Comparison of traits between Hedychium ‘Ramata’ and its parent plant H. muluense R.M. Smith. (A–B) Six-month-old H. ‘Ramata’ (A) plant and 6-month-old H. muluense plant (B). (C–D) Comparison of leaves from H. ‘Ramata’ (C) and H. muluense (D) plants. Images are of adaxial surfaces of the leaves. (E–F) Flowers of H. muluense (E) and H. ‘Ramata’ plants (F).

Citation: HortScience horts 47, 6; 10.21273/HORTSCI.47.6.803

Origin

An in vitro assisted breeding program for Hedychium was initiated at the USDA-ARS TCSHL in Poplarville, MS, to increase genetic variation, obtain pre-breeding products of interest (e.g., induced polyploidy), and establish a transformation system. To reach these goals, new in vitro culture protocols, including regeneration through somatic embryogenesis, were established. Seeds were collected from greenhouse-grown H. muluense plants. Seed sterilization, germination, and the subsequent tissue culture procedures were performed as described by Sakhanokho et al. (2008). A variegated somaclone plantlet was selected among the regenerated populations derived from somatic embryos of H. muluense plants in 2007. The selected plantlet was micropropagated and plants subsequently transferred to the greenhouse at the USDA-ARS TCSHL in Poplarville, MS, where plants were evaluated for 4 years under both greenhouse and outdoor conditions. Plants were also sent to university collaborators at Mississippi State University and Louisiana State University as well as private nurseries in Texas, Florida, and North Carolina for evaluation.

Description and use.

The data for morphological traits were derived from 10 random, different plants (n = 10 measurements) chosen at maturity, except for pseudostem and leaf for which the means represent the averages of 10 different plants and three replications for each plant (n = 30 measurements). ‘Ramata’ plants are rhizomatous, herbaceous perennials that reach a height of 71.5 ± 2.4 cm. Multiple pseudostems are produced from rhizomes, leading to a compact, broad rounded appearance (Fig. 1A). The upright, clumping growth habit results in a plant diameter of 81.2 ± 4.4 cm. Pseudostem formation is erect and reed-like with an average height of 68 ± 1.4 cm and diameter of 3.9 ± 0.1 cm. Color references throughout this description are made to The Royal Horticultural Society (RHS) Color Chart, fifth edition (RHS, 2007). Pseudostem texture is glabrous, and coloration is yellow–green 144A. ‘Ramata’ plants are hardy in USDA zones 8 to 10.

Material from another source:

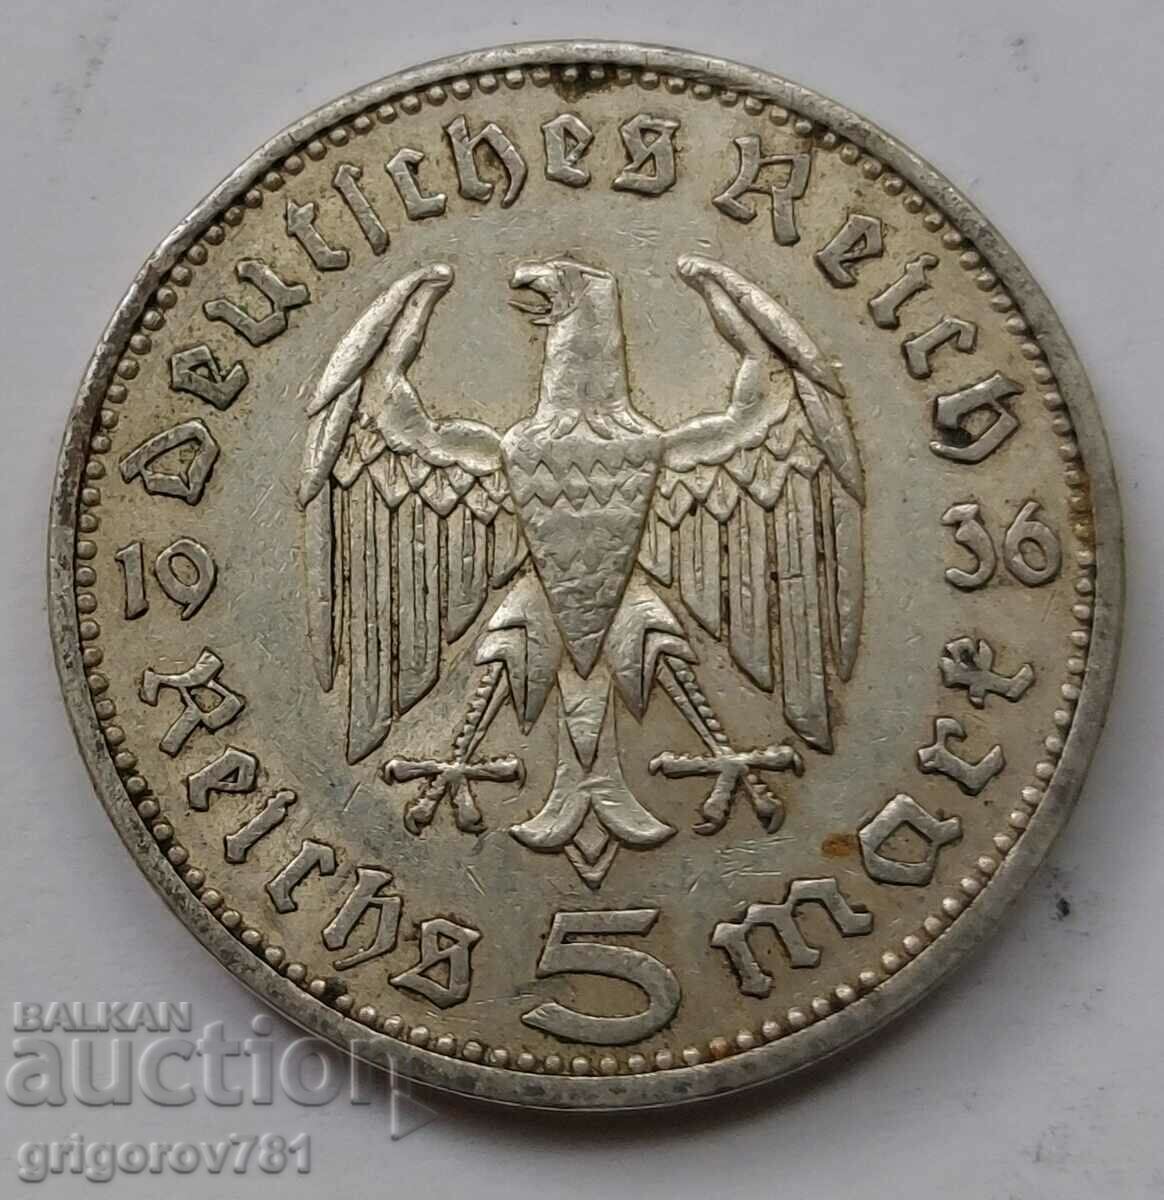 5 Mark Silver Germany 1936 A III Reich Silver Coin #40

Leaves (Figs. 1A and 1C) are simple and have an oblong lanceolate shape. The leaf arrangement is alternate and distichous. Leaves are 25.4 ± 0.7 cm long and 7.6 ± 0.2 cm wide. Leaf characteristics include an attenuate apex, a base with clasping sheaths and scarious stipules, an entire margin, and penni-parallel venation. The leaf texture is glabrous on the lower and upper sides. Leaves are medium green, ranging from yellow–green 144A and 144B. Varying widths of creamy white to light yellow variegation (green–yellow 1D, yellow–green 145D, and green–white 157C–D) are present in the leaves.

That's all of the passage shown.